Problem to work on -
I'd like the full listing transcribed exactly, with no images included.

Given information -
========================================

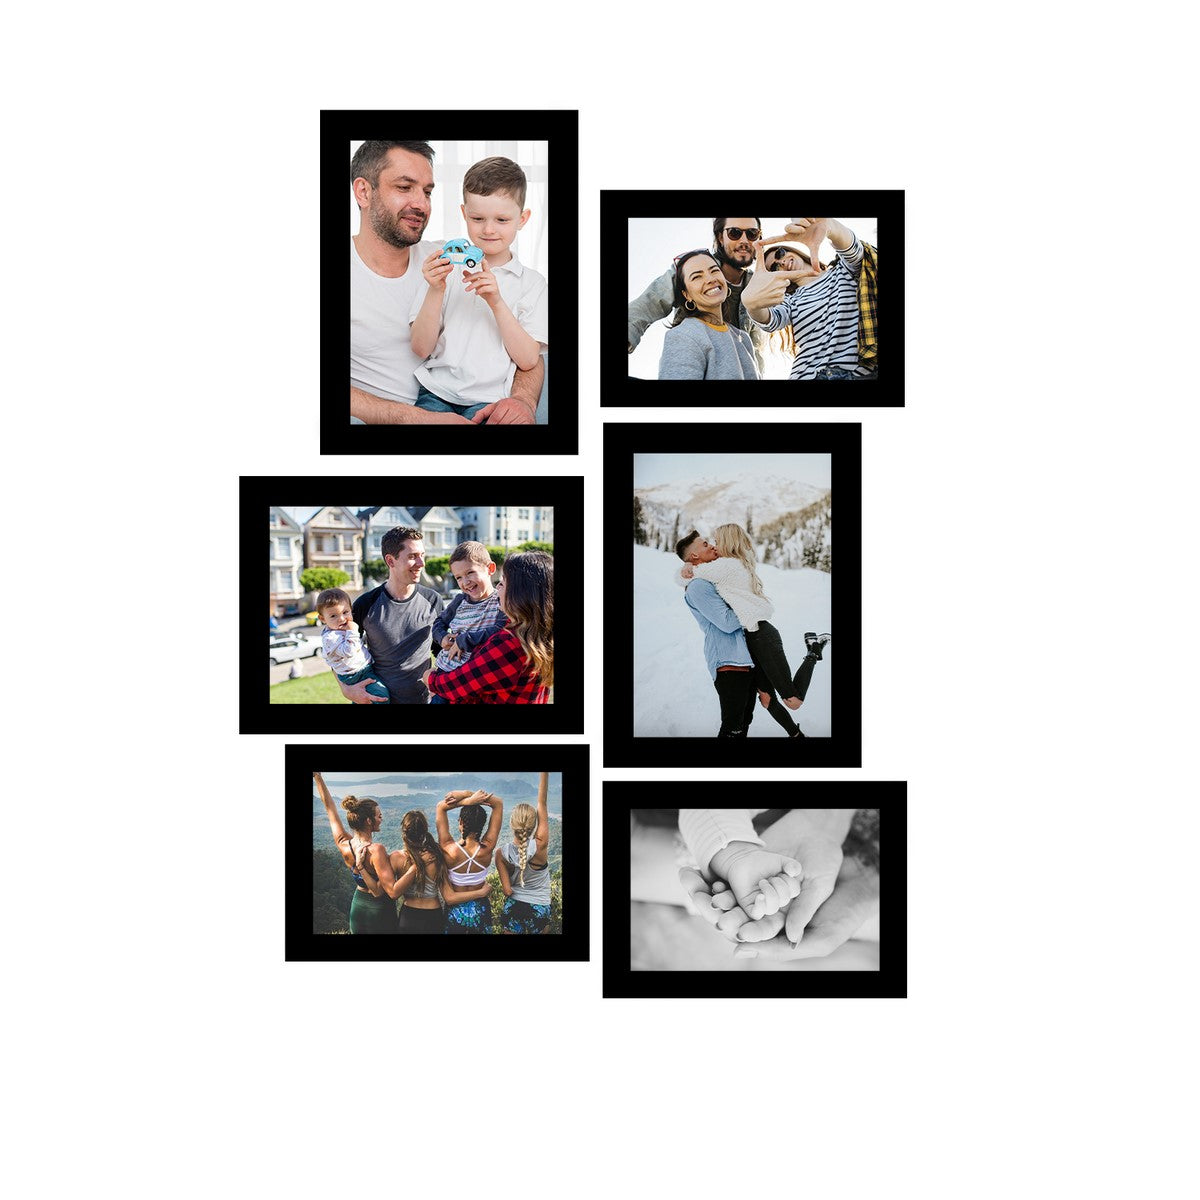 Memory Wall Collage Photo Frame - Set of 6 Photo Frames for 3 Photos of 5"x7", 3 Photos of 6"x8"
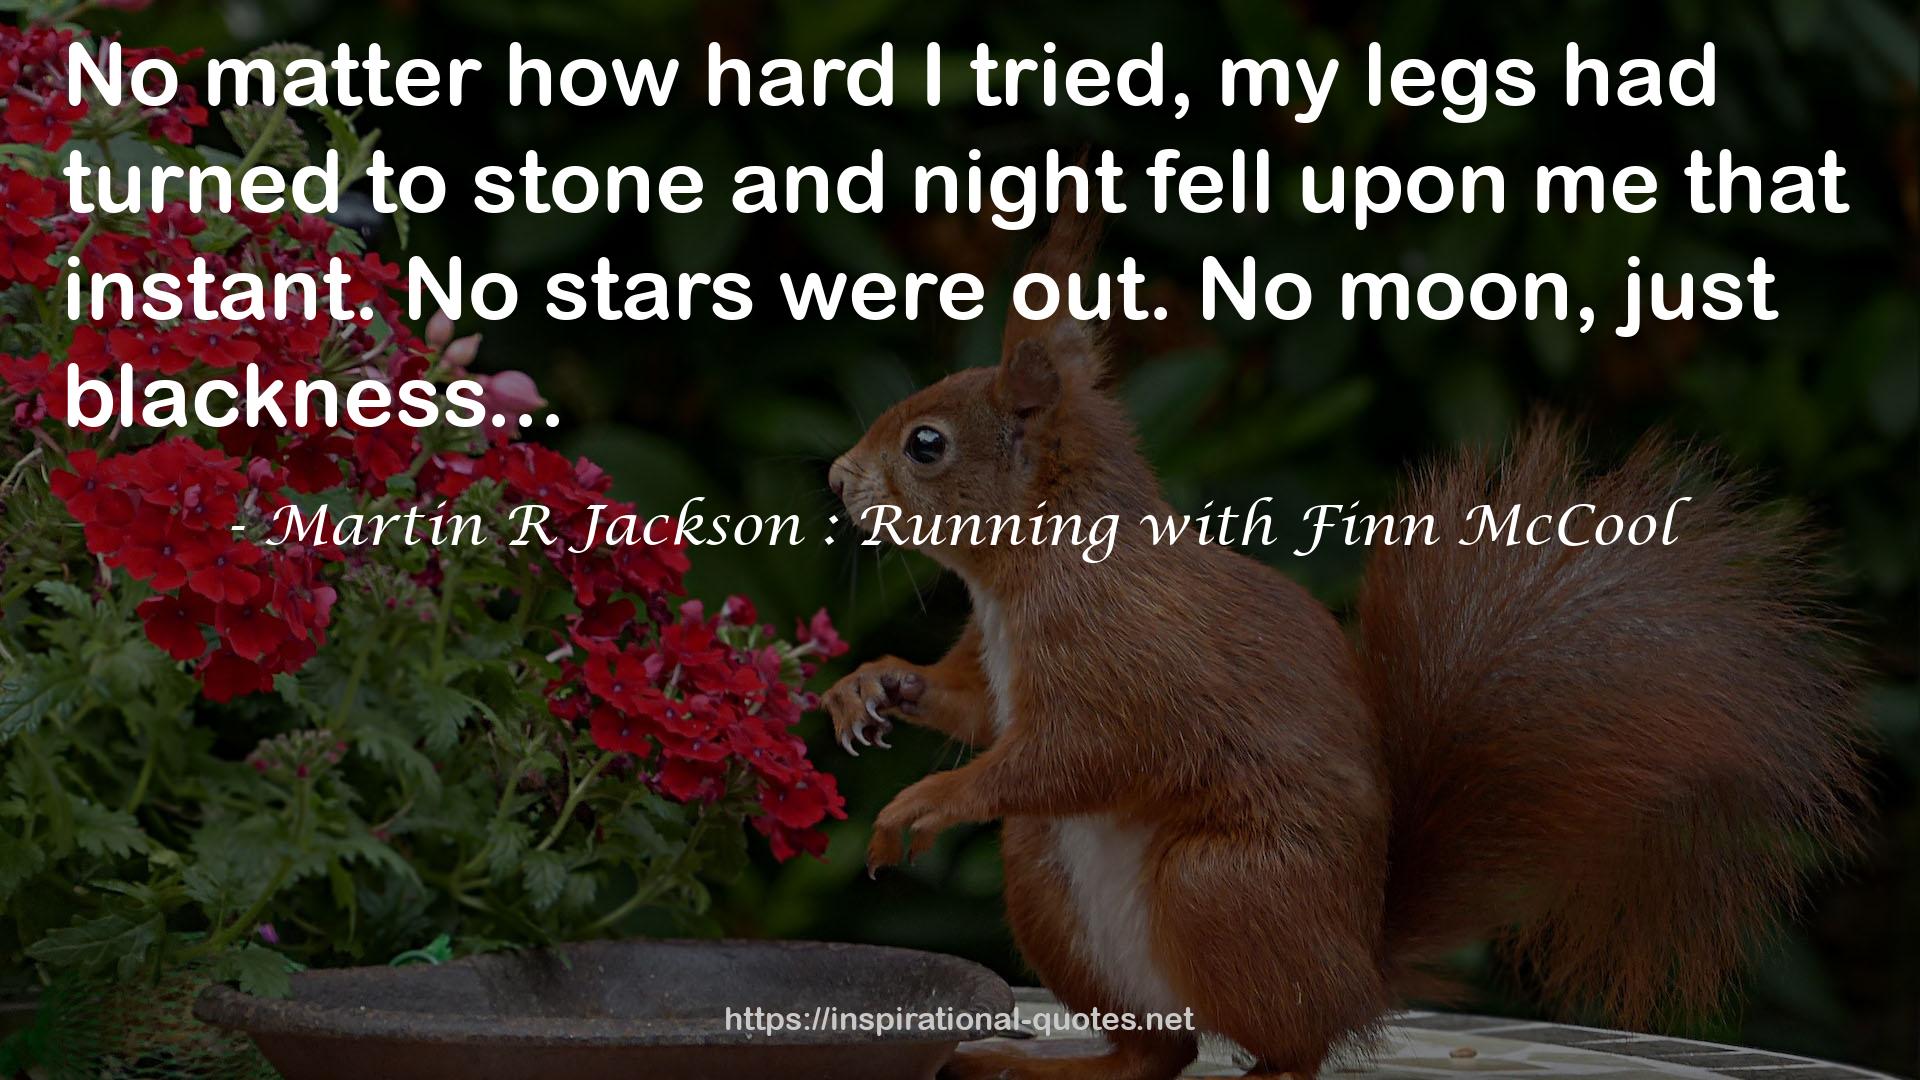 Martin R Jackson : Running with Finn McCool QUOTES
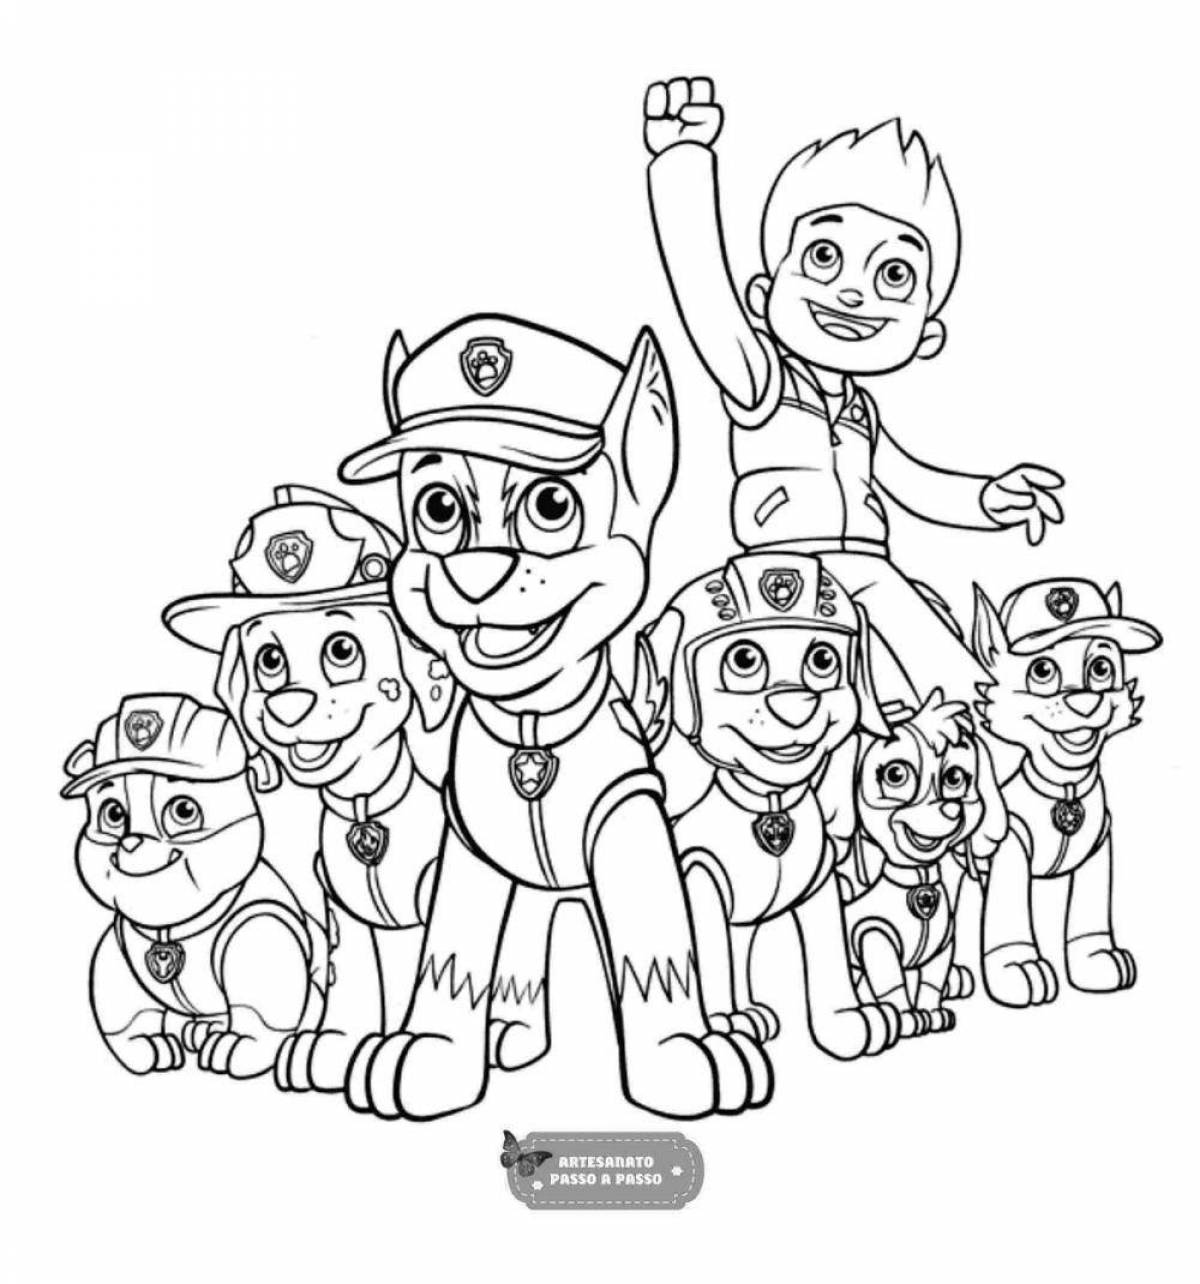 Awesome paw patrol coloring book
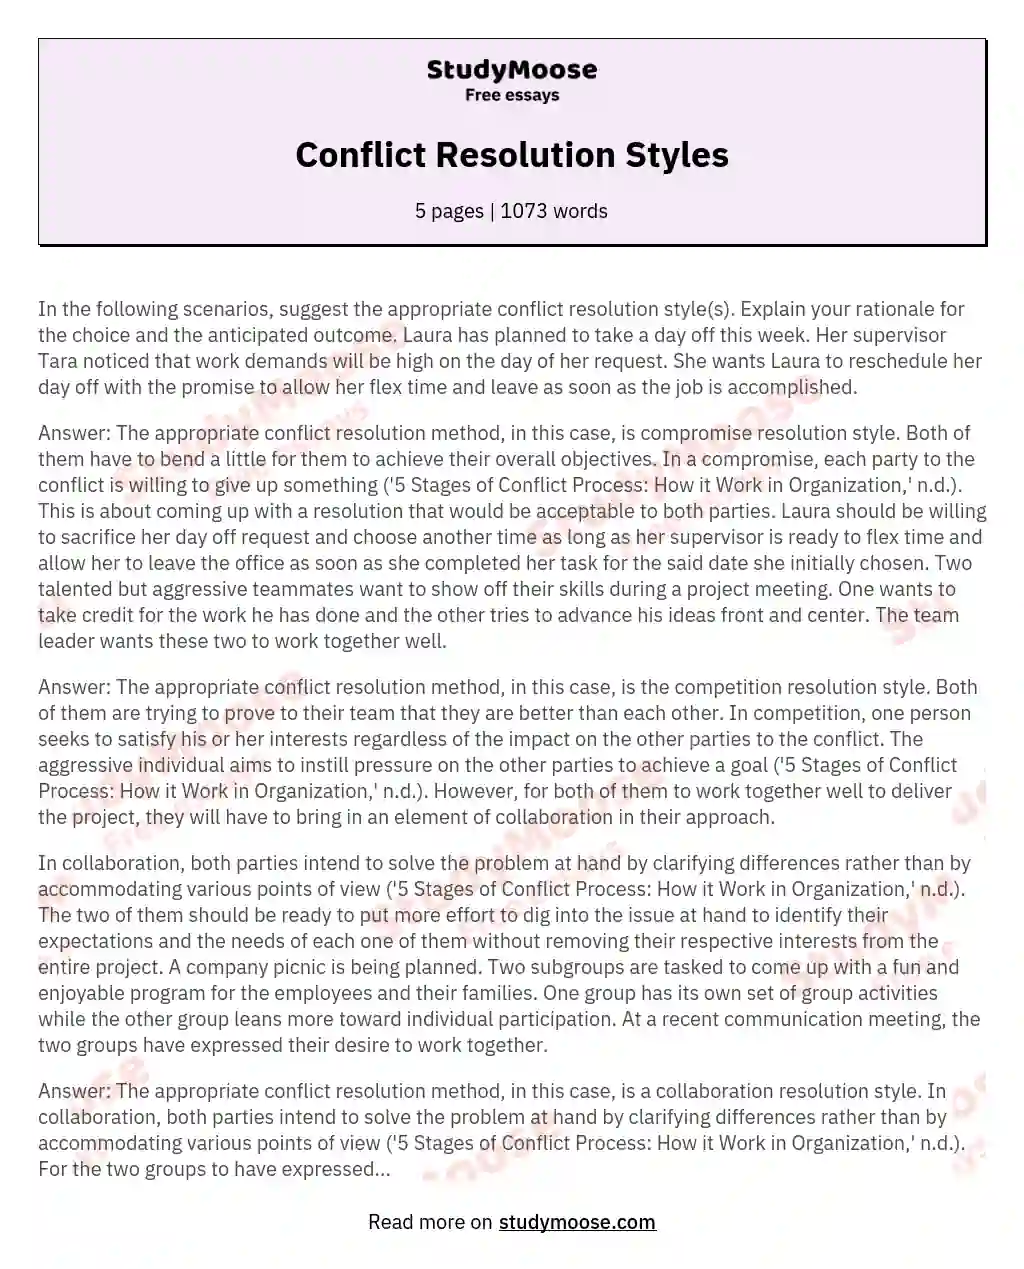 Conflict Resolution Styles

========================================

Reply to the exercise -
 Memory Wall Collage Photo Frame - Set of 6 Photo Frames for 3 Photos of 5"x7", 3 Photos of 6"x8"
 Martin R Jackson : Running with Finn McCool QUOTES
 Awesome paw patrol coloring book
 Conflict Resolution Styles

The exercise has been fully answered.